8. **Openness and Transparency:**
- Clinical Governance promotes a culture of openness, transparency, and accountability.
- Pharmacists are encouraged to report and learn from errors, contribute to a blame-free culture, and actively participate in quality improvement initiatives.

9. **Patient and Public Involvement:**
- Recognizes the importance of involving patients and the public in decision-making processes.
- Pharmacists can engage with patients to gather feedback, address concerns, and involve them in medication-related education and decision-making.

10. **Continuous Improvement:**
- Clinical Governance is a dynamic process that encourages ongoing reflection, learning, and improvement.
- Hospital pharmacists are expected to actively contribute to continuous improvement initiatives, adopting evidence-based practices and embracing opportunities for learning and development.

In summary, as a hospital pharmacist within the Clinical Governance framework, you play a pivotal role in promoting patient-centred, safe, and effective medication management. Active participation in quality improvement, risk management, education, and leadership activities contributes to the overall goal of enhancing the quality of healthcare services and patient outcomes.

**Situation:**
In the outpatient infection clinic, I was part of a healthcare team involved in managing a patient with an untreatable prosthetic joint infection of the knee. The patient had become resistant to all available antimicrobial options, and after a thorough assessment, it was determined that there was no suitable medical therapy. The only viable management option presented to the patient was an above knee amputation due to the high risk of death from sepsis if left untreated. The patients relative (spouse) was understandably upset and queried did we not have any other alternative options, unfortunately, the organism grown was now fully resistant to all oral options and we had cycled through several intravenous options in the past with limited success. We followed the below process on handling this situation, ensuring the patient and their partner had full access to information to make an informed decision on their care.

**Handling the Situation:**
1. **Delivering the News:**
- We approached the patient with empathy and sensitivity, recognising the emotional impact of the information.
- We clearly communicated the severity of the situation, explaining the reasons behind the recommendation for amputation.

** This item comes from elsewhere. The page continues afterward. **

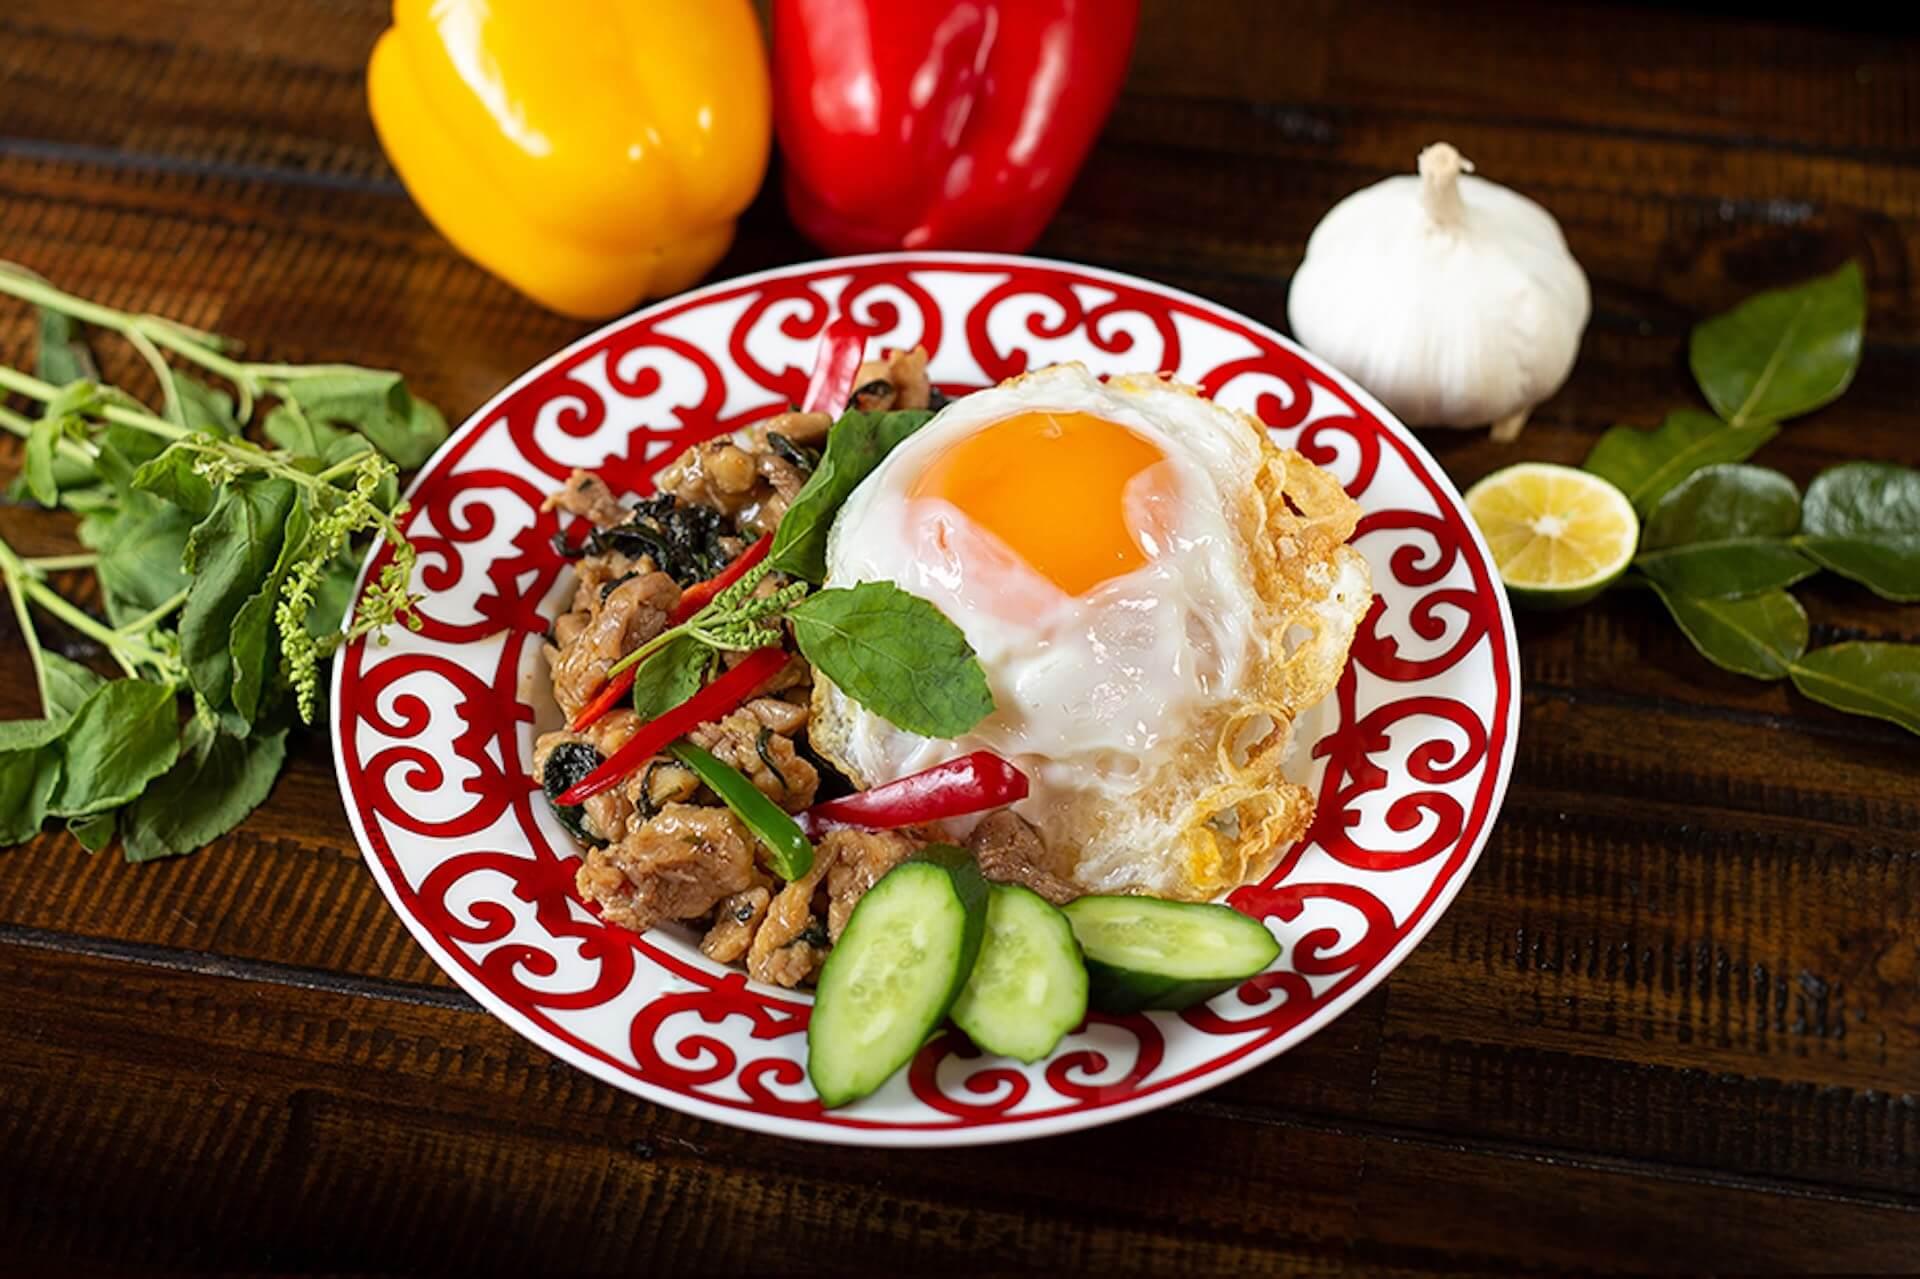 人気タイ料理をUber Eatsで堪能しよう!恵比寿のPiyanee THAI TEAがテイクアウト&Uber Eats販売スタート gourmet200421_piyanee_takeout_05

2. **Providing Emotional Support:**
- We acknowledged the emotional distress of the patient and her partner.
- We offered emotional support by expressing empathy and understanding. We allowed them the time and space to process the information.

3. **Offering Information:**
- We provided detailed information about the proposed procedure, including the benefits, risks, and potential outcomes.
- We sought to answer any questions the patient and her partner may have, ensuring that they have a clear understanding of the situation and the proposed intervention.

4. **Assessing Understanding:**
- We assessed the patient and her partner's comprehension of the information provided.
and encouraged them to ask further questions and seek clarification on any aspects they find unclear.

5. **Involving Relatives in the Decision-making Process:**
-We involved the patient's partner in the decision-making process, acknowledging the impact of the decision on both individuals.
- We ensured that both the patient and her partner have an opportunity to express their concerns and preferences.

6. **Consent Process:**
- We clearly outlined the consent process for the proposed procedure.

7. **Documenting Discussions:**
- We documented the discussions and interactions with the patient, her partner, and any decisions made during the encounter.

The patient at the end of the situation was understandably upset and wanted some time to consider the information provided. Eventually, she consented to the operation and was scheduled for an elective above knee amputation. I visited her pre-operatively and prescribed the relevant IV antimicrobials for the procedure and visited her post-operative in the intensive care unit to check how she was getting on. She then consented to our OPAT (outpatient parental antimicrobial) service for a further 6 weeks to ensure adequate clearance of any residual infection due to the procedure.